Their government is supposed to be a government that promotes inclusiveness, but Bennett and Lapid seemed to have great difficulty just looking at their political opponent.

Not that Netanyahu is one to preach. I can recall several occasions when he was prime minister, when he would be reading even as he was being addressed in the Knesset chamber. Once when a parliamentary opponent who was speaking chided Netanyahu for ignoring him, the prime minister looked up, removed his reading glasses, and recited back to the political opponent perhaps even verbatim what he had just said.

It was the height of smugness, as though he was saying, "I don't need to make any effort to pay attention to you." It was downright arrogant.

And yes, many of Netanyahu's parliamentary allies, Likud party or otherwise, barely even let Bennett get a word out when he spoke in the Knesset on the day that his new government received parliamentary support and was inaugurated in June.
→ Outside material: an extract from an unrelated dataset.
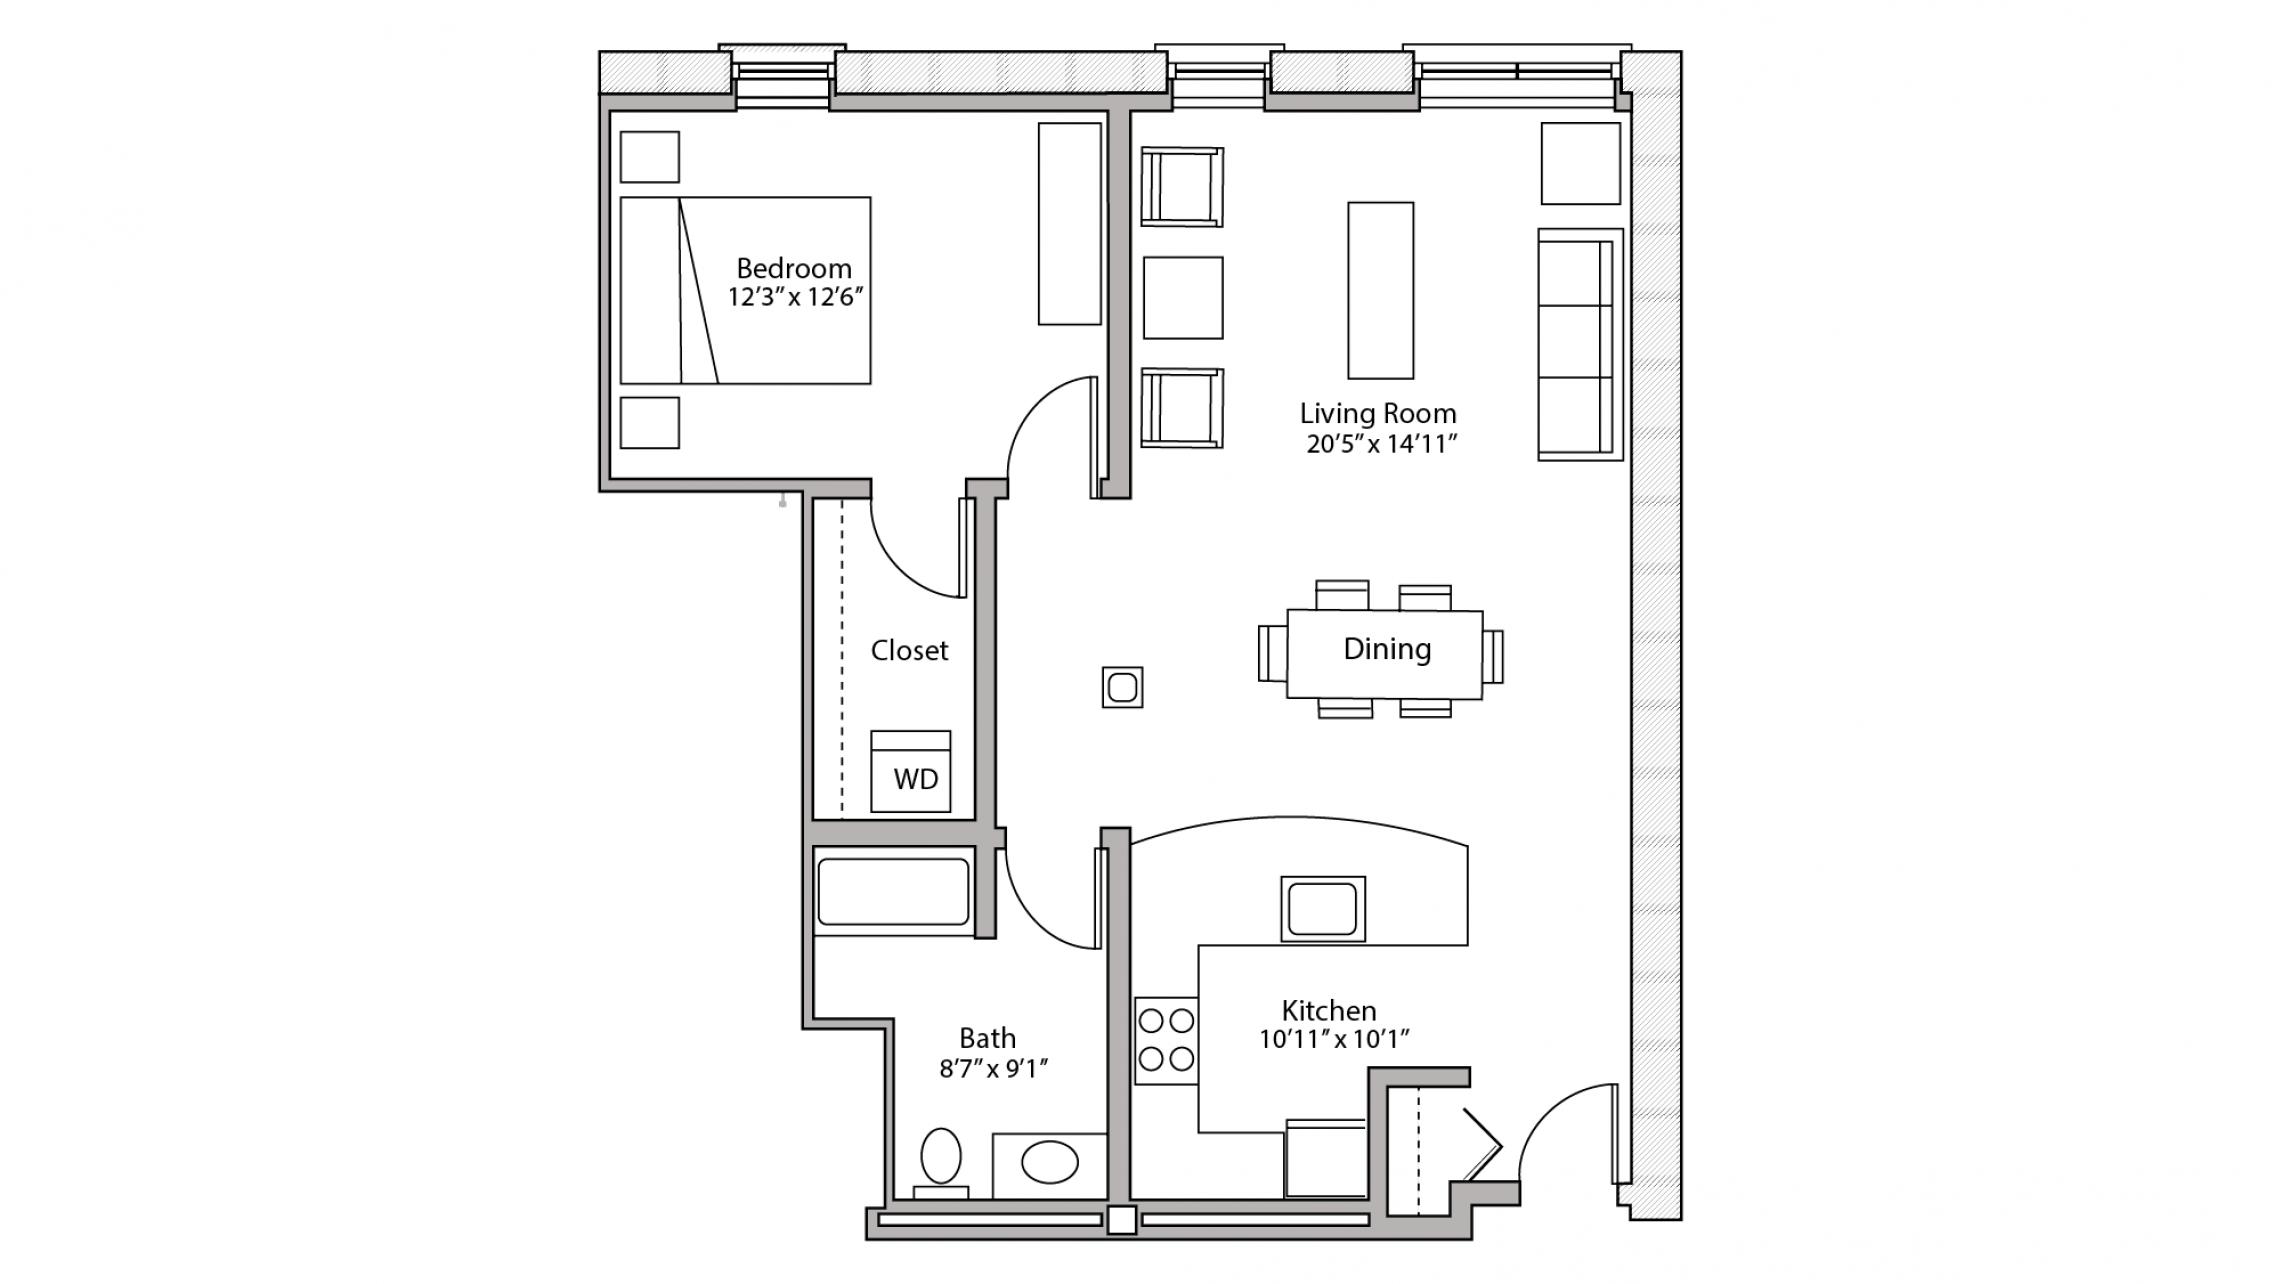 ULI Tobacco Lofts W209 - One Bedroom, One Bathroom

The Likud display of childish heckling this Monday at the winter opening when Bennett spoke was perhaps only bad, compared to the worse mockery of the disruption in June.

Through the years, there have been such verbal clashes as the Likud's Yitzhak Shamir against Labor's Shimon Peres. Sometimes, you felt that these were people who were giving their heart and soul. Other times, the talk sank to the sewer. And sometimes both.